### What needs to be done
Go through the listing below and retype exactly the lines starting at the one with "Мужские часы Citizen" and ending at the one with "Feld mit Reihen", skipping pictures.

### Extracted material
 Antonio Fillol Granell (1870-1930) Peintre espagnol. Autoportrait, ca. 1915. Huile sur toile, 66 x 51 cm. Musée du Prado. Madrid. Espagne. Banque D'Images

--

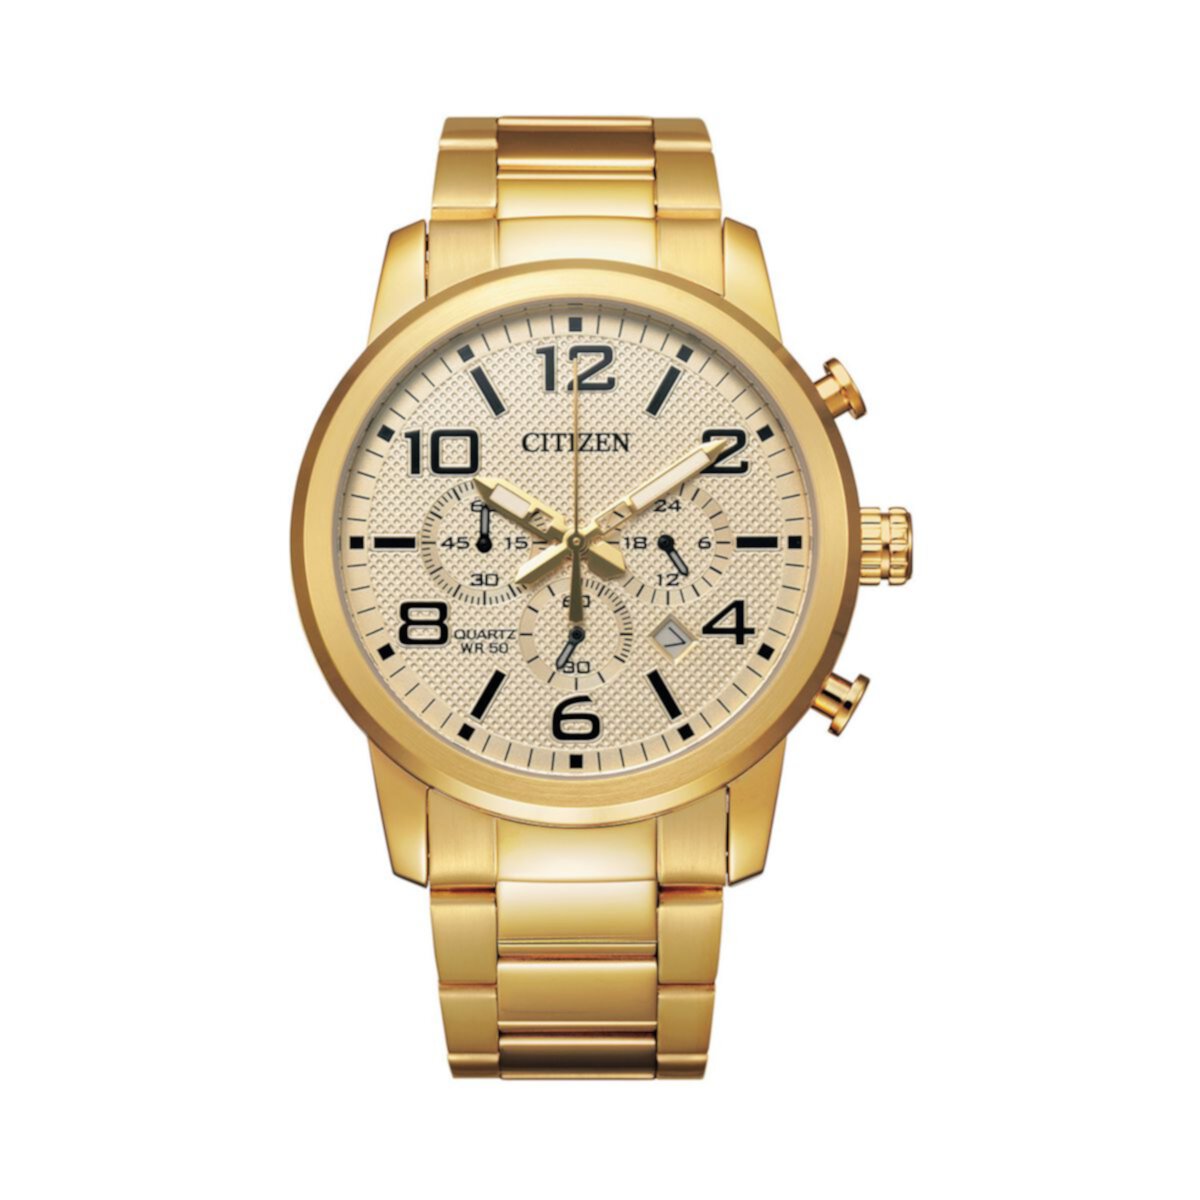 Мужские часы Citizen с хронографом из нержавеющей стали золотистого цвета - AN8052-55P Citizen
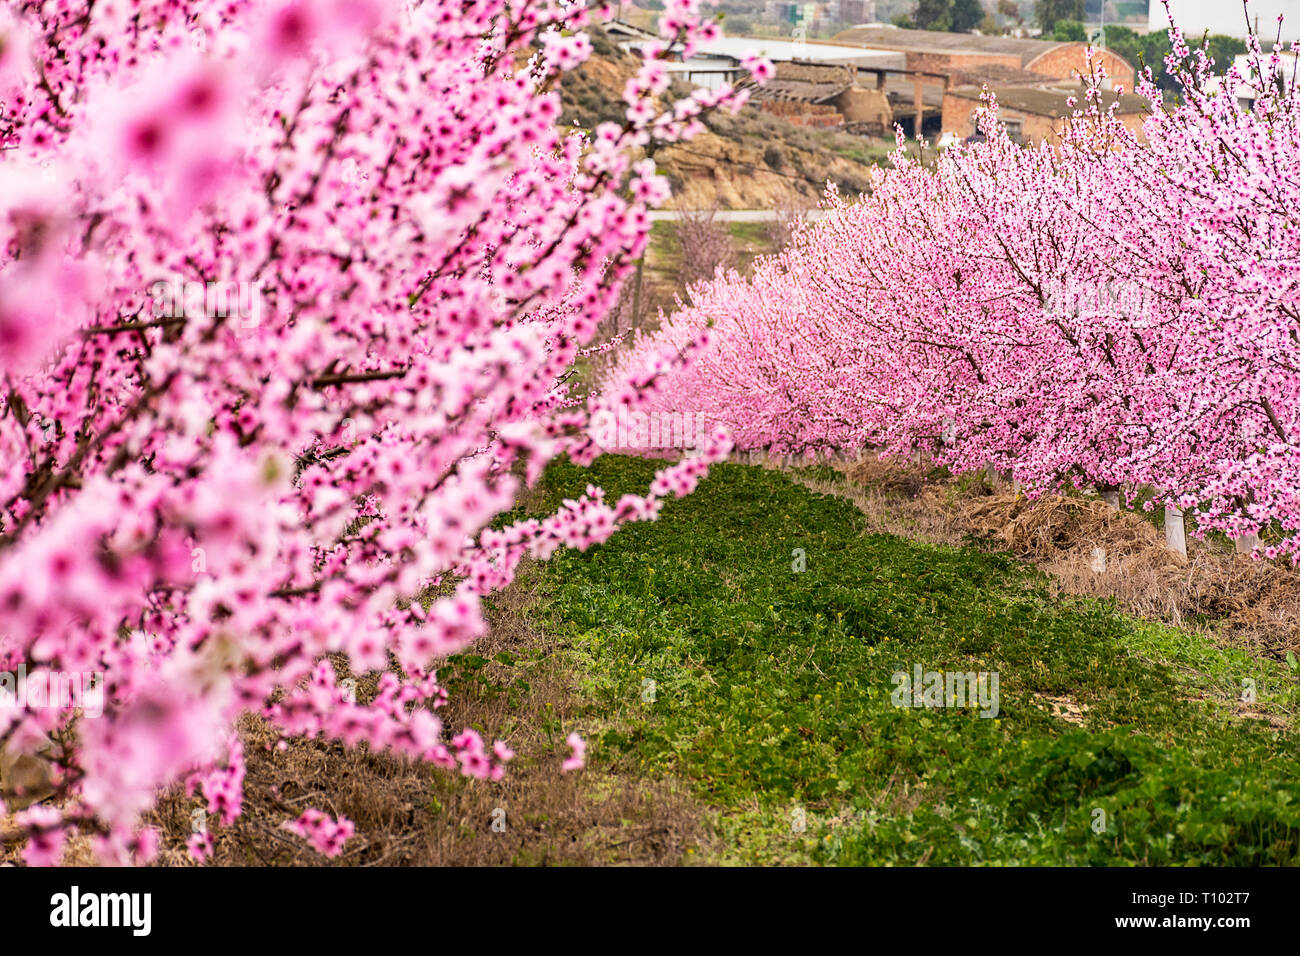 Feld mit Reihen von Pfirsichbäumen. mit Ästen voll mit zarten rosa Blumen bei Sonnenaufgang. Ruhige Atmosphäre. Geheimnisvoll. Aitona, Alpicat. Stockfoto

### Task solution
 Мужские часы Citizen с хронографом из нержавеющей стали золотистого цвета - AN8052-55P Citizen
 Feld mit Reihen von Pfirsichbäumen. mit Ästen voll mit zarten rosa Blumen bei Sonnenaufgang. Ruhige Atmosphäre. Geheimnisvoll. Aitona, Alpicat. Stockfoto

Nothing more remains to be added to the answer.